7. As per Rule 96(10) of the CGST Rules, a registered person importing raw-material without payment of import duty under the advance license shall not be eligible for utilizing accumulated ITC for payment of IGST on exports of goods or services.

8. On the case on hand, the writ-applicant is importing raw-material under the advance license without payment of the import duty. The finished goods produced using the raw-material so imported have been exported by the writ-applicant. The writ‑ applicant opted for the second route, i.e. payment of IGST on exports, and thereafter claimed refund of such IGST on exports instead of opting for the first route, i.e. exports under the Letter of Undertaking. However, inadvertently, the writ-applicant utilized the ITC for payment of the IGST on exports (instead of paying the IGST separately) which, in turn, was automatically refunded. In view of rule 96(10), the writ-applicant could not have utilized the ITC for payment of the IGST on exports. Upon realizing the aforesaid mistake, the writ-applicant separately paid the requisite IGST (which was refunded in past) along with the interest thereon.

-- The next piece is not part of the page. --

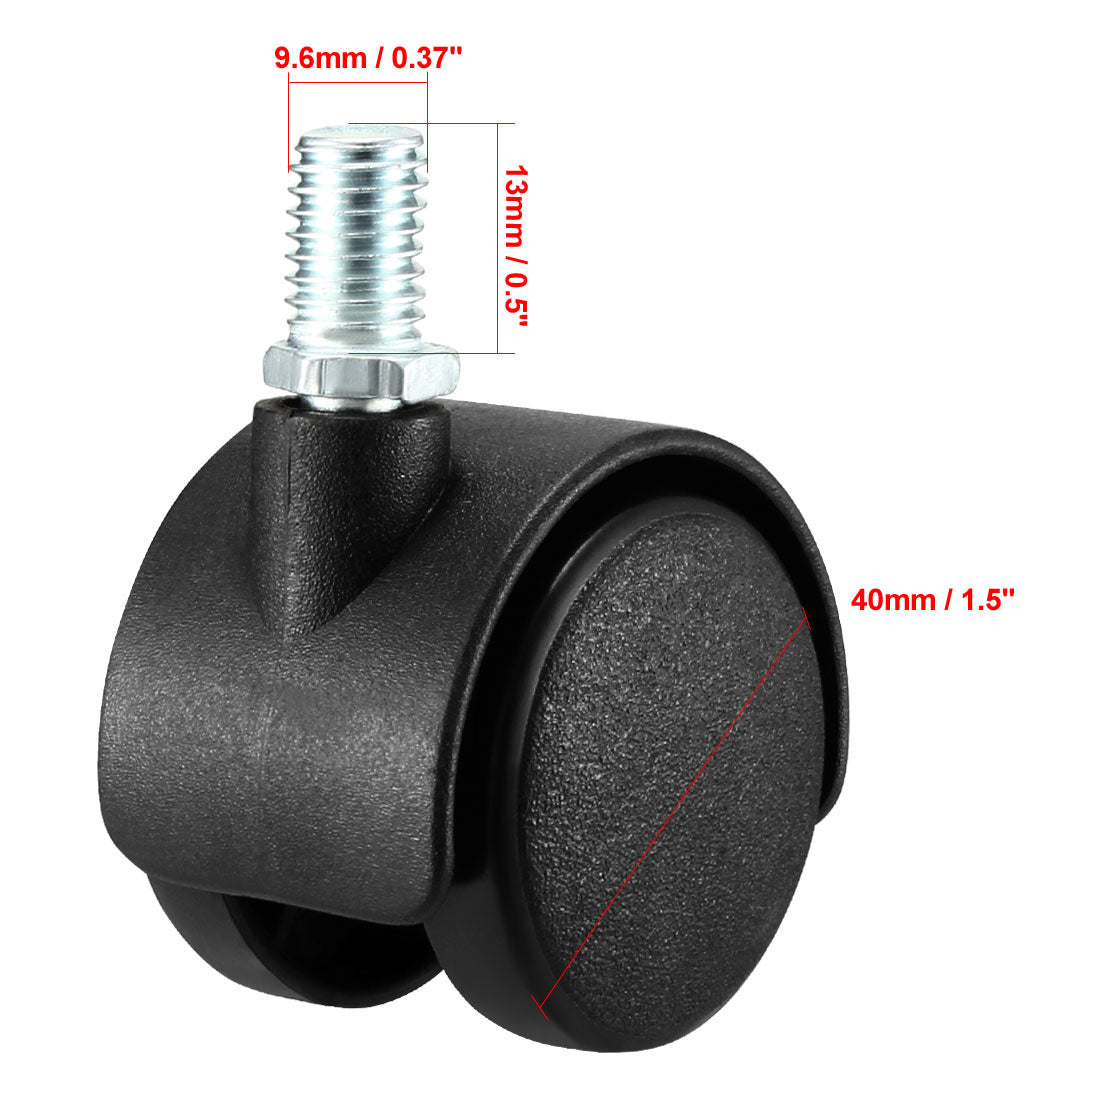 Uxcell Uxcell Swivel Casters 1.45 Inch Nylon 360 Degree M8 x 13mm Threaded Caster Wheels for Furniture Chair , 4 Pcs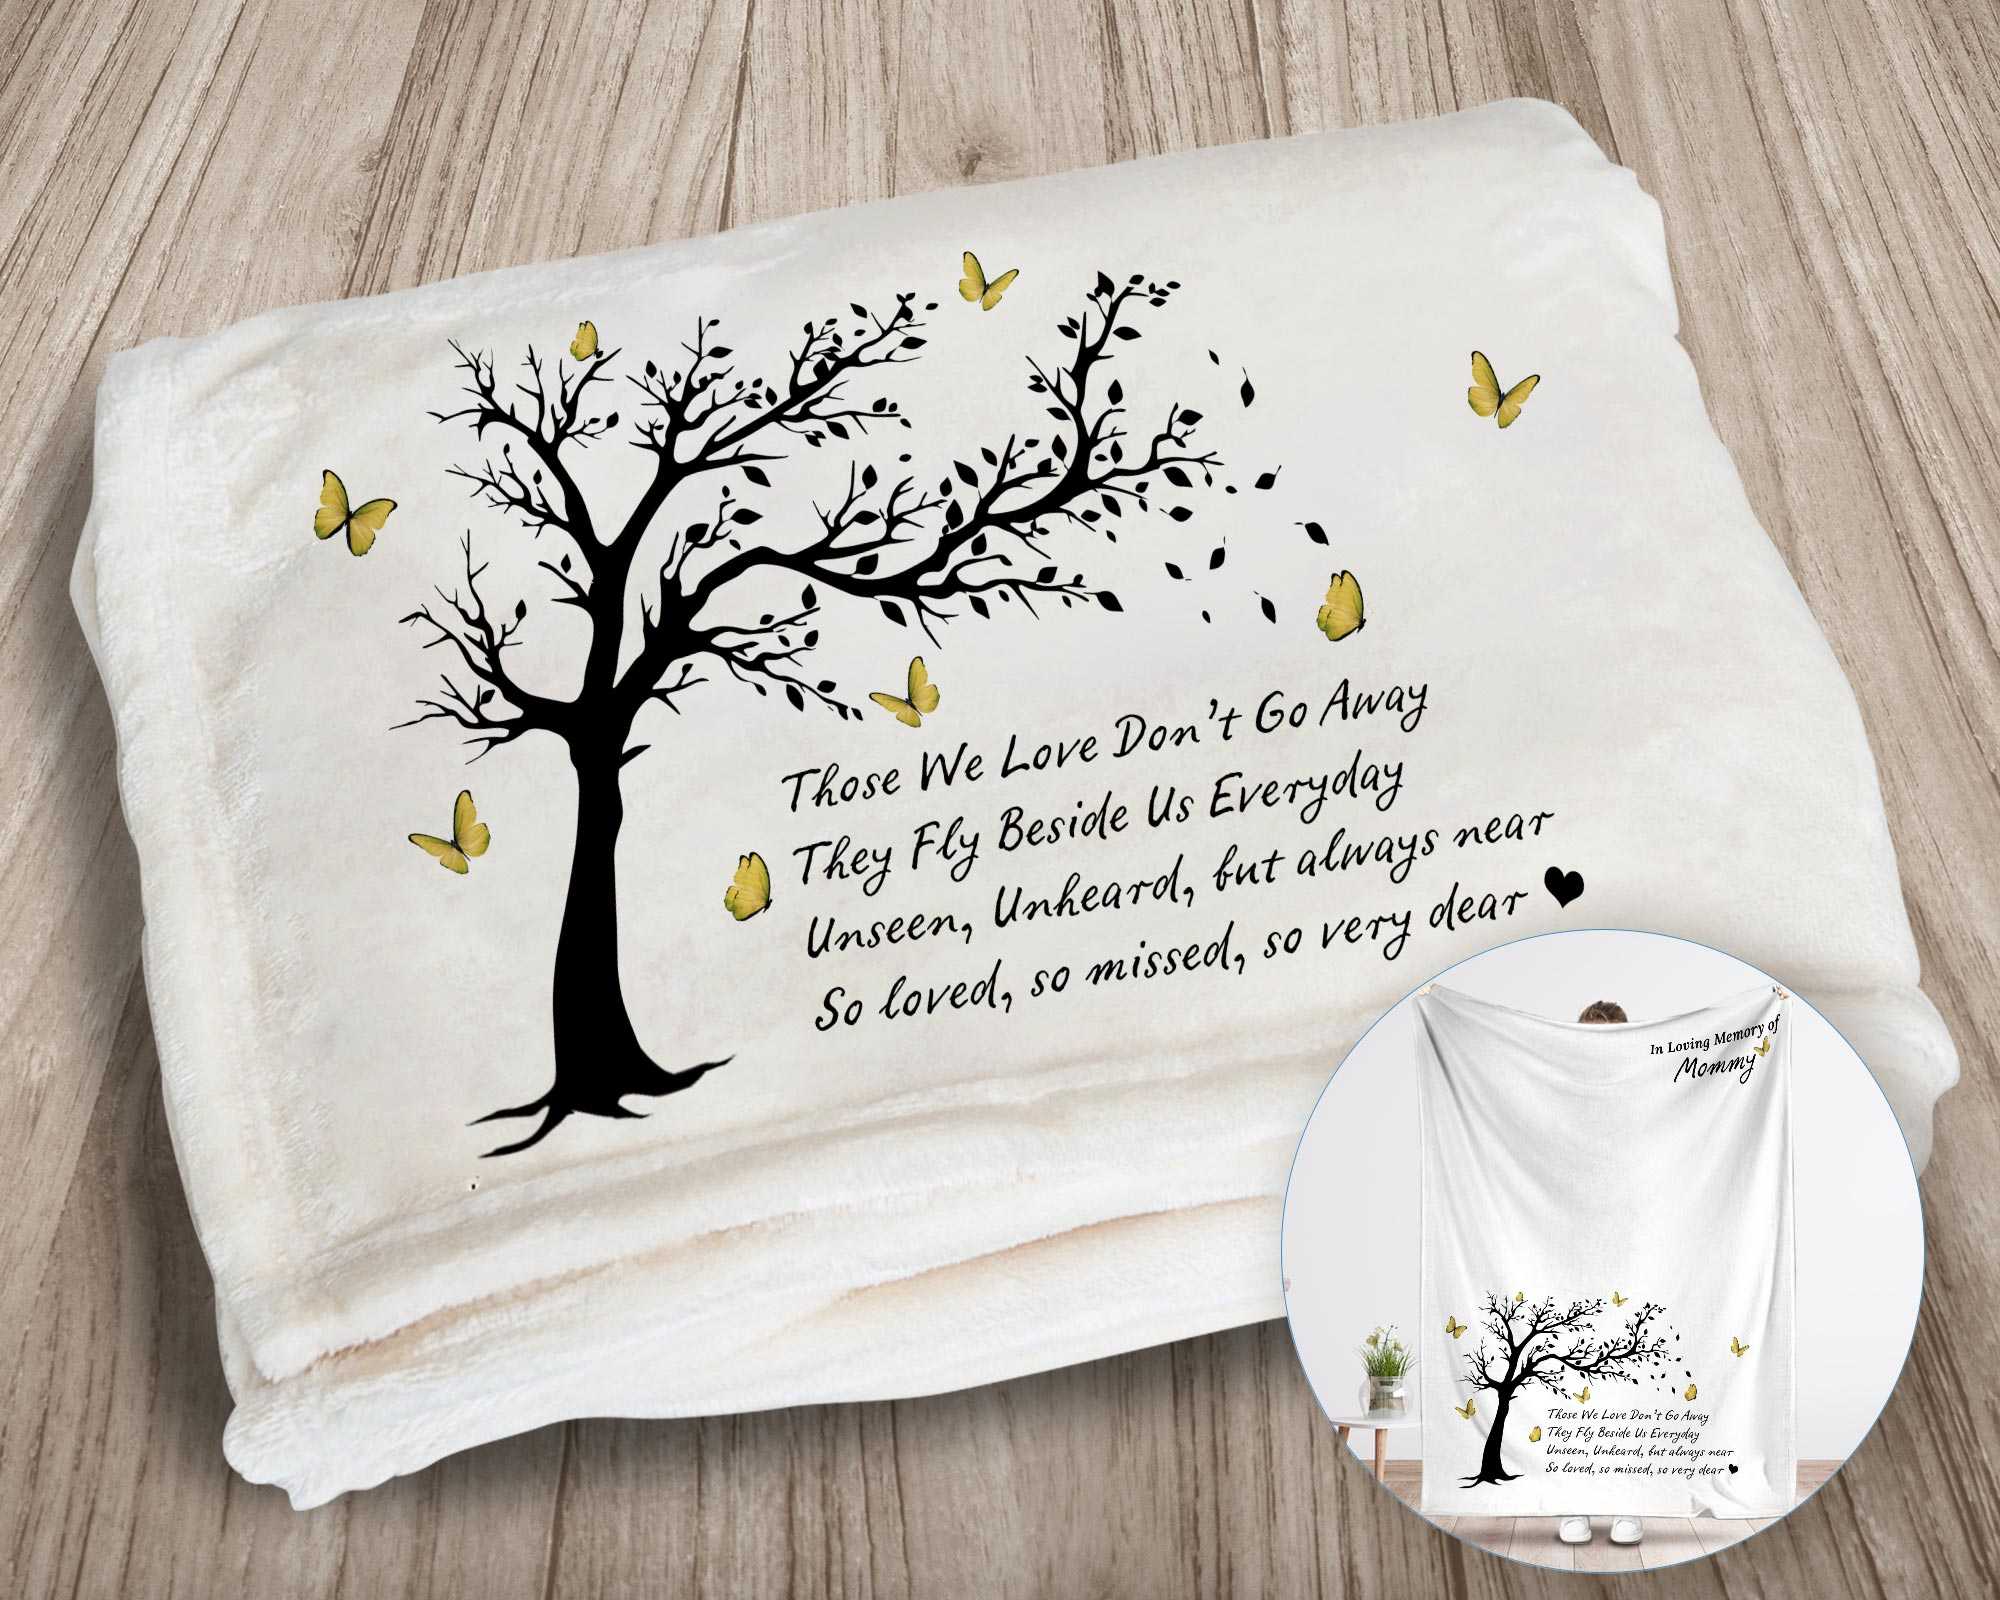 Personalized In Loving Memory Blankets, Memorial Gift For Loss Of Mother, Those We Love Don't Go Away Blanket

9. In so far as the erroneous grant of refund and return of such refund amount together with interest by the writ-applicant is concerned, the same is undisputed. That being the case, the first part of the transaction is nullified inasmuch as the amount erroneously refunded has already been repaid by the writ-applicant along with interest. However, once both these transactions are taken out from the equation, what survives is the reduction of the ITC originally effected from the electronic credit ledger of the writ-applicant. The respondent authorities are of the view that the writ-applicant is not entitled to such a refund of the ITC at all. According to Mr.Sharma, the learned AGP, such a refund is not permissible under sub-rule (10) of rule 96 of the CGST Rules. However, in the present case, refund as contemplated under sub-rule (10) of rule 96 of the CGST Rules is not at all an issue. Here, the simple issue is one of restoration of the ITC, which was erroneously refunded and subsequently recovered. If the authorities have accepted that there was an error and resultantly, accepted repayment of the erroneous refund, as a corollary, the credit of the ITC must be restored. It cannot be that for the purpose of repayment, there was an error, and for the purpose of restoration of the ITC, there was no error. There is no question of any refund of the ITC at all. The question is one of restoration of the ITC in the electronic credit ledger and not a refund thereof. Hence, any reference to sub-rule (10) of rule 96 of the CGST Rules is completely misconceived and not tenable.

10. In such circumstances, We direct the respondent authorities to re-credit/restore the ITC to the tune of 1,39,49,810/- in the electronic tax ledger of the writ-applicant.

11. As regards the submissions of Mr.Sharma that the writ-applicant is not entitled to any refund, we make it clear that we have not gone into the merits or the eligibility of the claim of refund of the writ-applicant. We have directed only with respect to restoration of ITC in the sum of Rs. 1,39,49,810/- in the electronic credit ledger of the writ-applicant. This is the sum that was erroneously refunded by reducing the ITC from the electronic credit ledger. However, as noted earlier, the same has already been repaid by the writ-applicant along with interest in DRC-03. Once such an amount is repaid by the writ-applicant to the GST department, the original debit of the ITC must be re­credited/restored. Otherwise, the same would amount to double taxation, which is not permissible in law.

12. We, therefore, direct the respondent authorities to restore/ re-credit the Input Tax Credit of Rs. 1,39,49,810/- in the electronic credit ledger of the writ-applicant within a period of two weeks from the date of receipt of this order.

13. With the aforesaid, this writ-application stands disposed Direct service is permitted.